We've had this happens about 10 times since ~April 23. We hadn't noticed
 since our monitoring system had a bug.

> I'll start by investigating the crashes, and then later the checkpoint server
> unless the latter is causing you more problems.

Nope. The segfaults are definitely the more important problems.

Thanks,
-- 
Erik A. Espinoza
Systems Administrator
LIGO/Caltech - MS 18-34
Pasadena, CA 91125
Ph: 626-395-8517

===========================================================================
Date mail was appended: Tue May 15 13:51:59 2007 (1179255119)
Date: Tue, 15 May 2007 15:52:14 -0500
From: Peter Keller <psilord__AT__cs.wisc.edu>
To: condor-support response tracking system <condor-support__AT__cs.wisc.edu>
Subject: Re: [condor-support #1984] LIGO - condor_master/condor_startd crash

On Tue, May 15, 2007 at 01:51:59PM -0500, condor-support response tracking system wrote:
> We've had this happens about 10 times since ~April 23. We hadn't noticed
>  since our monitoring system had a bug.

I've gotten what I can out of the core files and must ask, would this path be
on an NFS or AFS server:

/ldcg/condor/sbin/condor_starter

Cause if so, then the server was probably down, causing the bus error.

My evidence is this error string I dug out of one of the corefiles:

stat(/ldcg/condor/sbin/condor_starter) failed with unexpected errno 5 (Input/out
put error)

Both of the processes died with bus errors and there are only two
reasons I've ever seen for when that happens A) on some architectures
a misliagned pointer dereference can cause it, on other architectures
(like the x86_64) it is merely slow to do the pointer derefence, B) the
kernel wanted some pages from the executable but couldn't get them due
to disk failure or failure of an NFS server to serve the requested pages.

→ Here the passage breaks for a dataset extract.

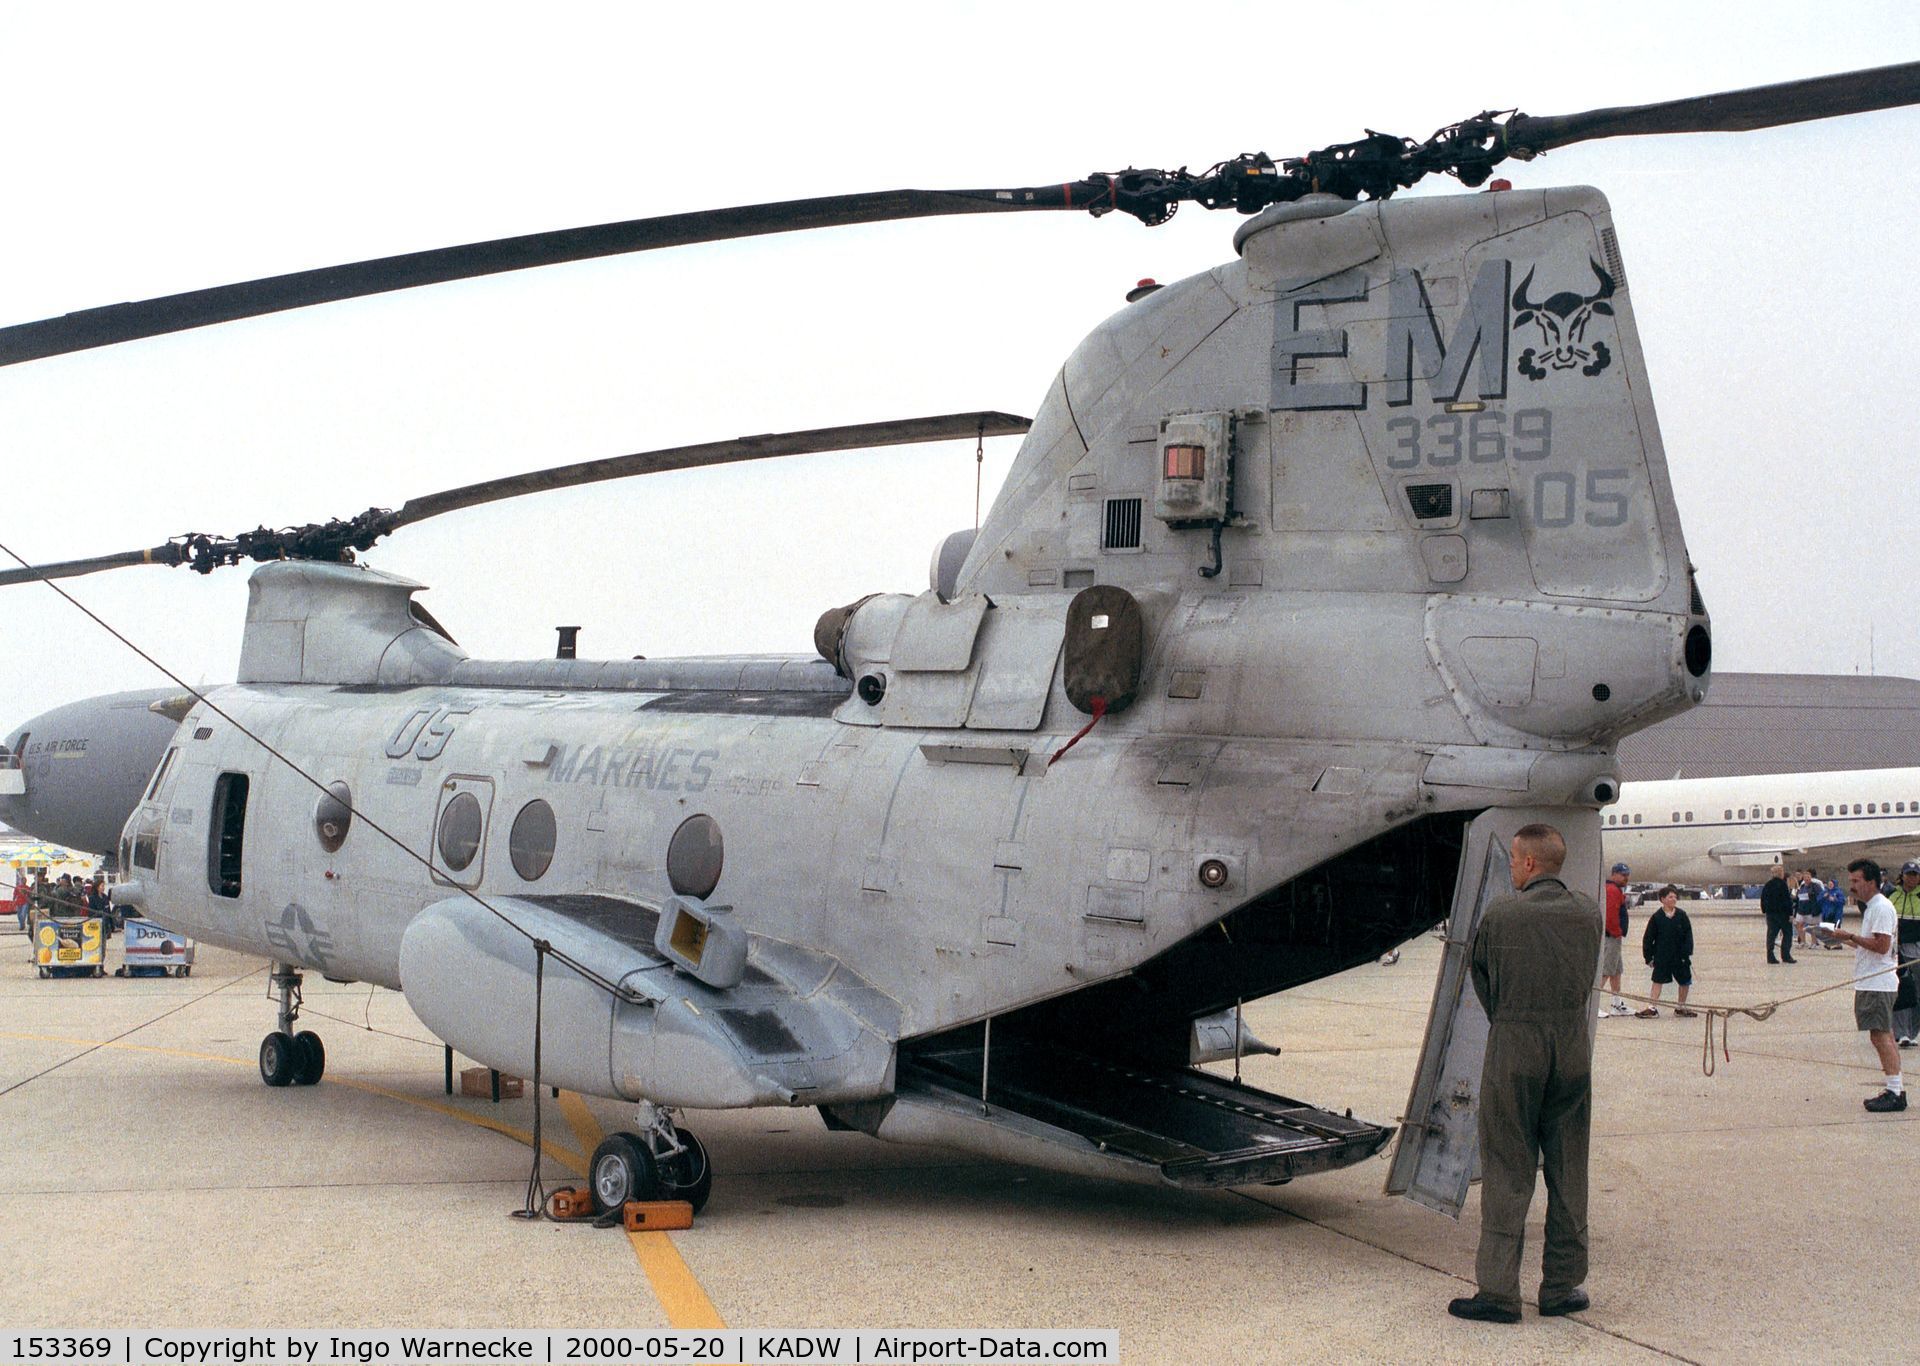 153369, Boeing Vertol CH-46E Sea Knight C/N 2265, Boeing Vertol CH-46E Sea Knight of the USMC at Andrews AFB during Armed Forces Day

So, at this point, I'd look to see if the drive that is serving these programs
are unreliable, or if NFS server outages (if applicable) coincide with these
failures.

Thank you.

Condor Admin

===========================================================================
Date mail was appended: Tue May 15 15:52:16 2007 (1179262336)
Subject: Actions

Status changed from open to pending by psilord
===========================================================================
Date of actions: Tue May 15 15:52:28 2007 (1179262348)
Date: Sat, 19 May 2007 09:57:36 -0700
From: Stuart Anderson <anderson__AT__ligo.caltech.edu>
To: condor-support response tracking system <condor-support__AT__cs.wisc.edu>
CC: espinoza__AT__ligo.caltech.edu
Subject: Re: [condor-support #1984] LIGO - condor_master/condor_startd crash

Further investigation shows that these problems happen on execute machines
shortly after a burst of NFS mount errors like:

automount[26375]: >> nfs bindresvport: Address already in use

which in turn have been tracked down to the automounter using up all the
reserved TCP ports under Linux (due to a poor Linux implementation) when
rapidly mounting several filesystems (via the automounter in our case).

The Condor daemon binaries are not automonted, but there may be a side
effect for currently mounted filesystems when new mount requests use up
all the reserved ports.  While it might be possible to track this down
further and make Condor more robust against this Linux bug, I think this is
case where we will adjust our usage model instead.  In particular, we are
going to move all our condor binaries to local disk on every machine rather
than NFS mounting them.

Please feel free to close this ticket unless you want to pursue this further.

Thanks.


On Tue, May 15, 2007 at 03:52:16PM -0500, condor-support response tracking system wrote:
> On Tue, May 15, 2007 at 01:51:59PM -0500, condor-support response tracking system wrote:
> > We've had this happens about 10 times since ~April 23. We hadn't noticed
> >  since our monitoring system had a bug.
> 
> I've gotten what I can out of the core files and must ask, would this path be
> on an NFS or AFS server:
> 
> /ldcg/condor/sbin/condor_starter
> 
> Cause if so, then the server was probably down, causing the bus error.
> 
> My evidence is this error string I dug out of one of the corefiles:
> 
> stat(/ldcg/condor/sbin/condor_starter) failed with unexpected errno 5 (Input/out
> put error)
> 
> Both of the processes died with bus errors and there are only two
> reasons I've ever seen for when that happens A) on some architectures
> a misliagned pointer dereference can cause it, on other architectures
> (like the x86_64) it is merely slow to do the pointer derefence, B) the
> kernel wanted some pages from the executable but couldn't get them due
> to disk failure or failure of an NFS server to serve the requested pages.
> 
> So, at this point, I'd look to see if the drive that is serving these programs
> are unreliable, or if NFS server outages (if applicable) coincide with these
> failures.
> 
> Thank you.
> 
> Condor Admin
> 
> 
> ========================================
> MESSAGE INFORMATION
> ========================================
> * From: Peter Keller <psilord__AT__cs.wisc.edu>
> * Ticket Email List: espinoza__AT__ligo.caltech.edu, anderson__AT__ligo.caltech.edu
> 
> -- 
> ======================================================================
> This mail was sent from the RUST Mail System
> Please direct all replies to condor-support__AT__cs.wisc.edu
> Please include the current subject line in your reply.
> ======================================================================
> 

-- 
Stuart Anderson  anderson__AT__ligo.caltech.edu
http://www.ligo.caltech.edu/~anderson

===========================================================================
Date mail was appended: Sat May 19 11:58:02 2007 (1179593884)
Date: Mon, 21 May 2007 20:58:48 -0500
From: Peter Keller <psilord__AT__cs.wisc.edu>
To: condor-support response tracking system <condor-support__AT__cs.wisc.edu>
Subject: Re: [condor-support #1984] LIGO - condor_master/condor_startd crash

Hello,

On Sat, May 19, 2007 at 11:58:02AM -0500, condor-support response tracking system wrote:
> Please feel free to close this ticket unless you want to pursue this further.

I think your solution is perfect and it is what I was going to recommend.

I'm closing this ticket.

Thank you.

Condor Admin

===========================================================================
Date mail was appended: Mon May 21 20:58:50 2007 (1179799131)
Subject: Actions

Ticket resolved by psilord
===========================================================================
Date of actions: Mon May 21 20:59:30 2007 (1179799170)